If the FDA doesn't incentivize them to take the risk they won't.
Even then I'm not sure they would do it because the chance they will get a return on their investment seems too low.
Also you should probably learn what the word prejudice means before you use it.
Most AD drugs that reach phase III don't fail due to side-effects but due to lack of efficacy in addressing cognitive symptoms. They clean Abeta, tau or whatever they target, but mental functions still worsen like in the control group.
Indeed, the FDA/NIH has recently changed the AD definition (last month, IIRC), and now it's only defined by the accumulation of Abeta and ptau, not by cognitive or other symptoms, so companies only need to remove them to pass the trial.
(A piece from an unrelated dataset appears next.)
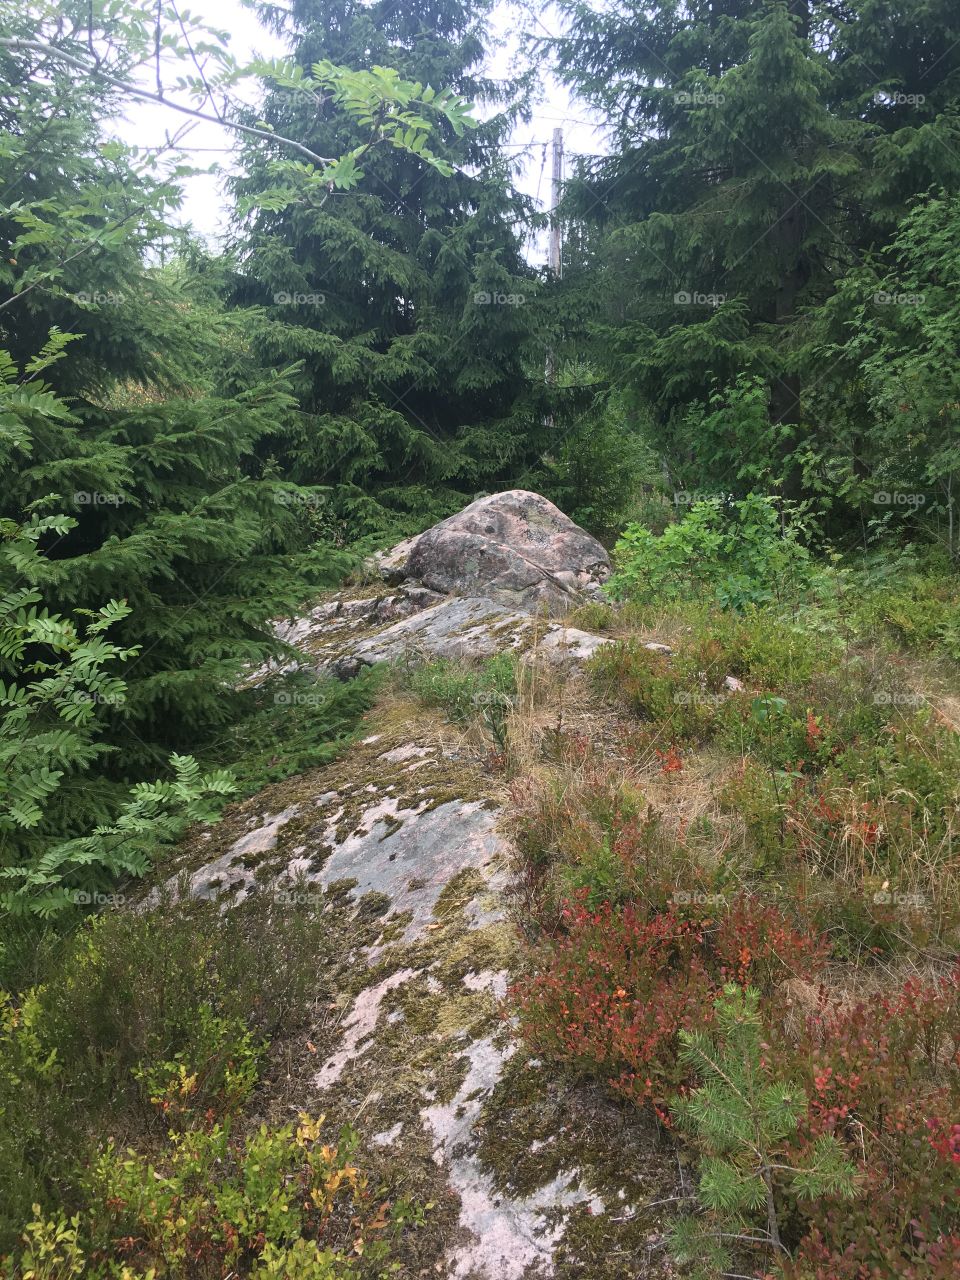 Mushroom shaped rock between pines

As I said the question is, what is the return on investment - when we're talking about drugs which took hundreds of millions of dollars to develop (except for methylene blue but that garbage won't do anything even in a combo trial) and move through the administration , and the proposition being - "instead of one expensive drugs we'll sell 2 or 3 expensive drugs together" - and that's in the case they actually work by the by - because they could still fail or prove to be too dangerous to use together - then the patient base capable of paying for this drops significantly.
So not only is the FDA asking them to throw more money in the air, there is an almost guarantee they won't make their money back. And as I said already they'll even look bad in front of their investors... yeah... guess why they're not going to start a trial like that.
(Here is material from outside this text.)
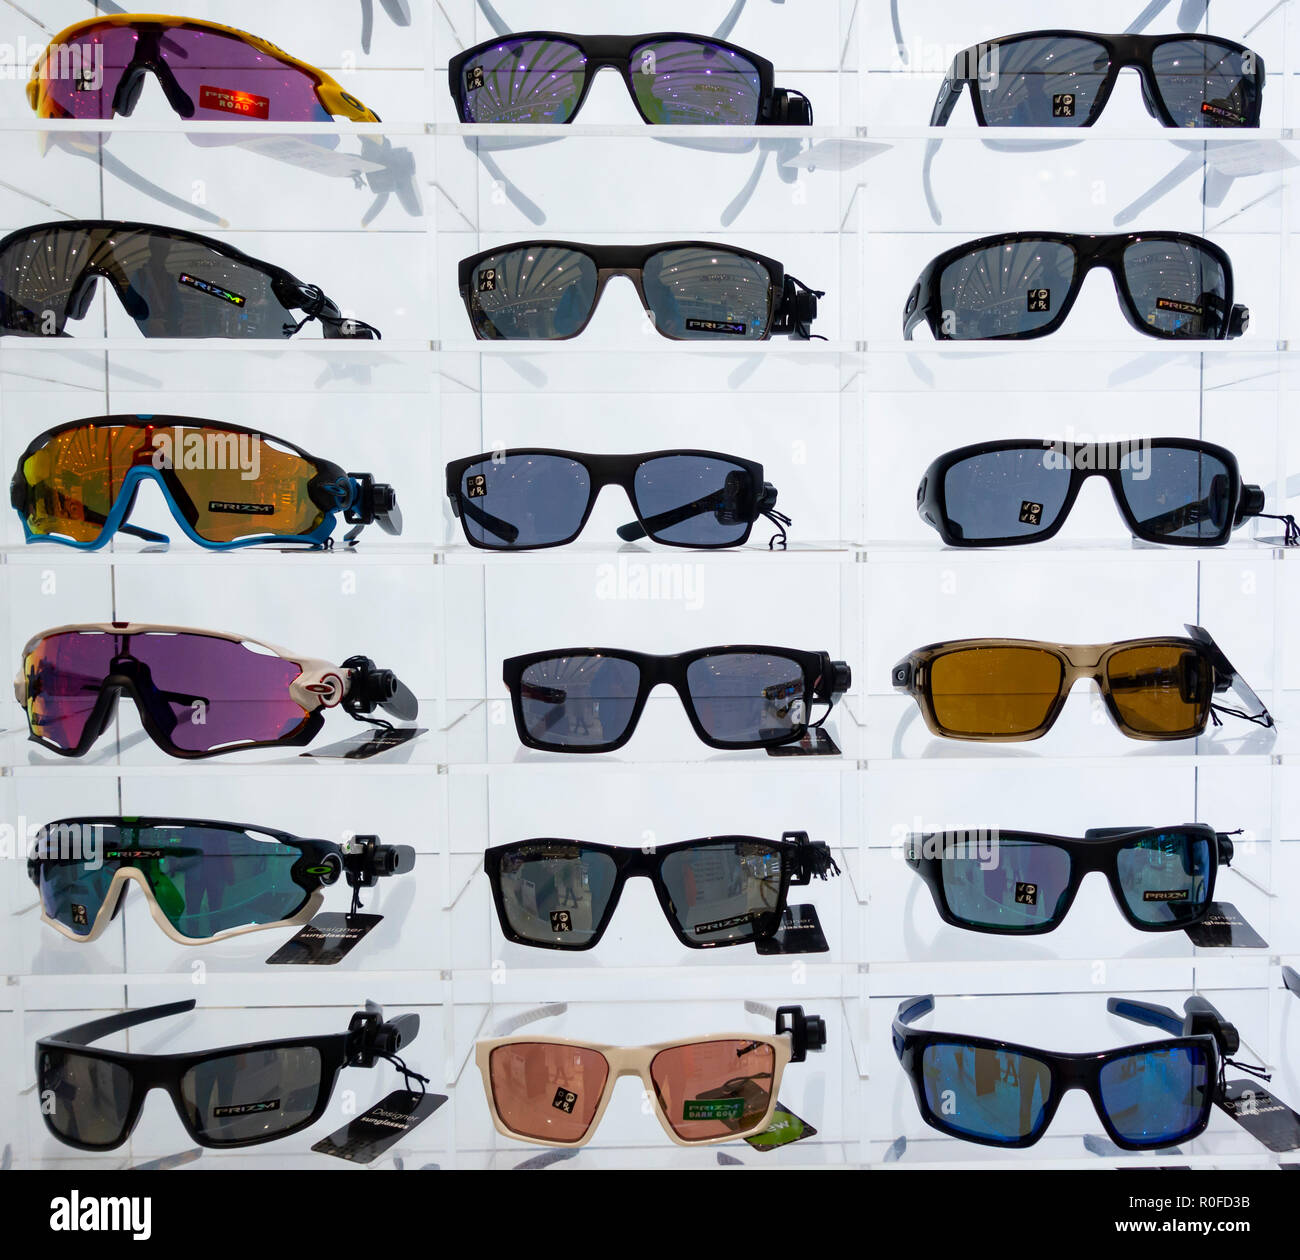 oakley sunglasses stock

What is so hard for you to understand about this?
The government needs to incentivize them in some massive way. That's the only option left now. That or way for the next round of AD drugs to come in about 20ish years.
@cuberat: "It might bring some interesting moral issues. Let's say you have an inmate serving a live sentence, who get's his brain so severely damaged by Alzheimer's that he doesn't remember much any more..."
Actually this kind of question matters for life-extension treatments in general. How much can and should you give to those sentenced to life without parole? Is it 'cruel and unusual' to keep someone alive, healthy, but destined to be in prison indefinitely? Is it 'cruel and unusual' not to? (and does it mean the same to hand out what are 'might as well be life sentences' either measured in centuries, or mere decades, but for an already-old convict? Both become potentially serveable.)
But your particular scenario also touches on identity issues. After any large-scale brain reconstruction and rejuvenation (from whatever cause), how much is still 'you?' For now (because I know I don't have the answer, either), I will only refer those interested to the 'Consciousness and Identity' video in the Isaac Arthur series.